The pipeline generates the following outputs:

  1. Processed h5 Files: Located in the h5 subdirectory. These contain all the relevant information to generate the reports. No other files are needed. These can be loaded in a Jupyter notebook to create custom figures that are not available in the standard output.

  2. Logs: Detailed logs of the pipeline execution in the tertiary.log file.

  3. Reports: HTML reports for individual samples and the cohort in the reports subdirectory. The cohort figures are interactive HTML files. All figures can be downloaded as png files by opening them in a web browser tab and using the download button on the top right of the figure. The figures are:

    1. Cohort map: It shows the summary of clonal architecture, mutations, and correlation with protein clusters for all samples. The protein cluster names can be renamed using the button at the bottom of the figure.

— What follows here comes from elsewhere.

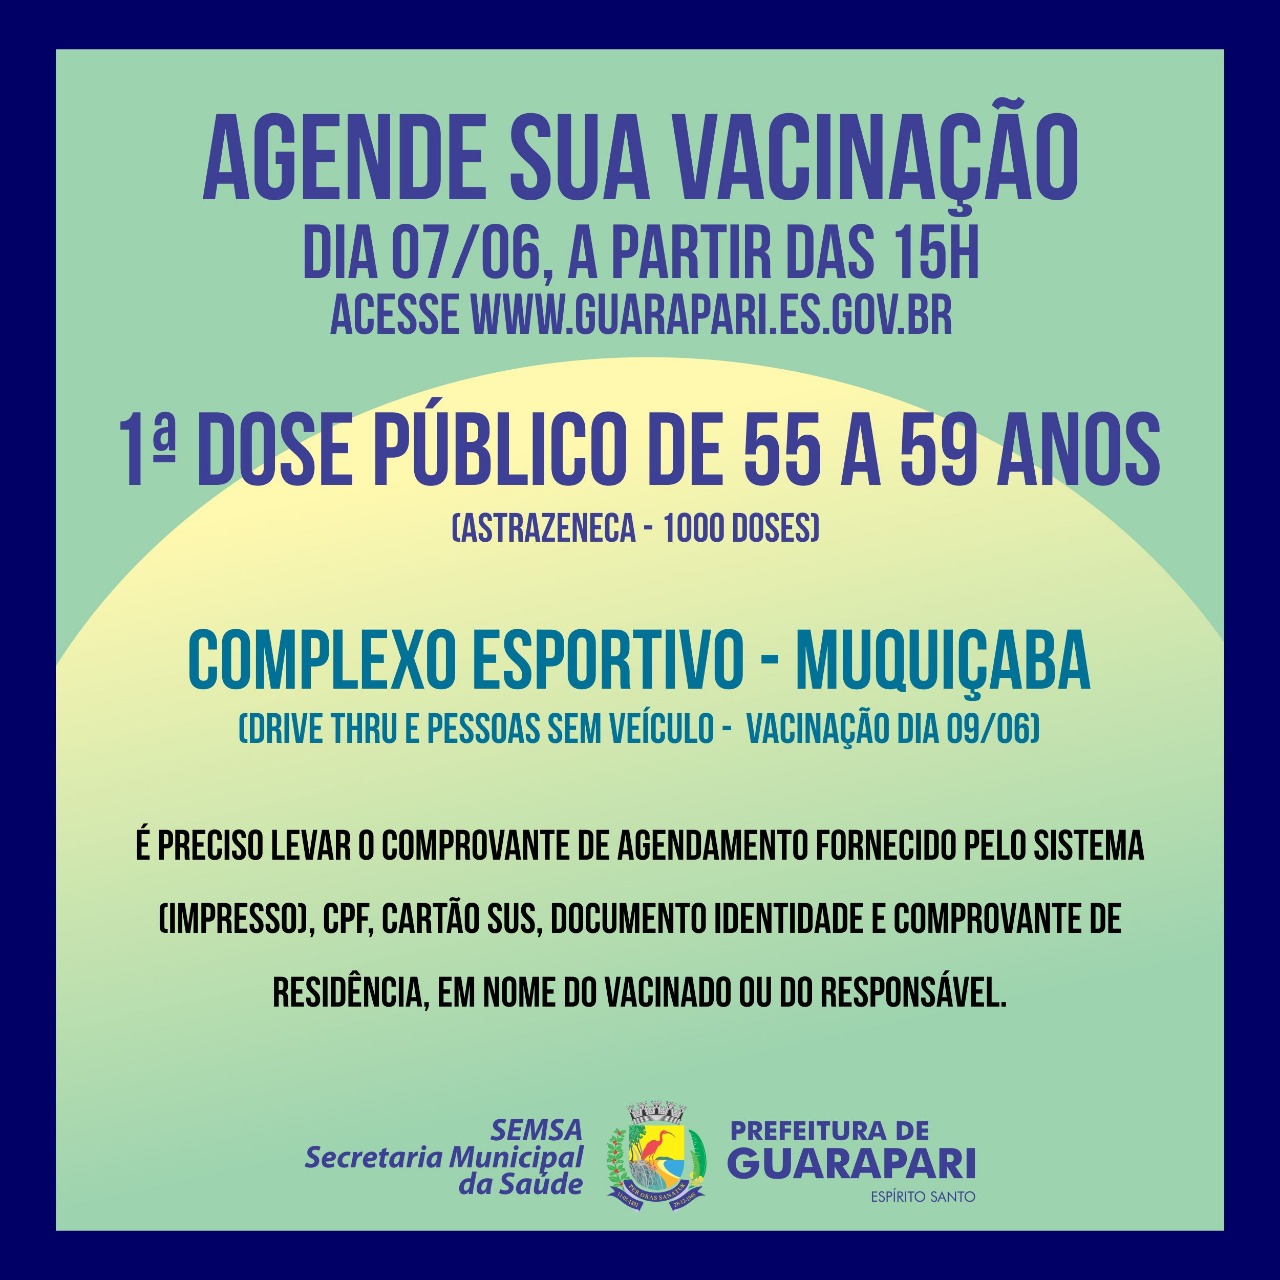 Covid-19: Guarapari abre nesta segunda-feira o agendamento de vacinação para pessoas entre 55 e 59 anos – AstraZeneca

    2. Protein UMAP: This figure is used to check the validity of the protein clustering. It can be colored by cluster labels, sample names, point density, and sample density.

    3. Protein expression UMAP: It shows the expression of every antibody in the protein panel on the UMAP. It can be used to identify the celltype for each cluster.

    4. Variant clonality: A figure and table that is helpful to identify any false positive variants that might have been called by the pipeline. The whitelist/blacklist option can be used when rerunning the pipeline to the correct variant calls.

Multiple other folders are created, those are intermediate files for each step of the pipeline. These are kept for debugging purposes and might be removed in a future version.

Error Handling#

If the pipeline encounters an error, it will log the issue and terminate. Common issues include:

  • Missing or invalid input files.

  • Incorrect configuration parameters.

Refer to the error message in the last line of the log file to identify the issue.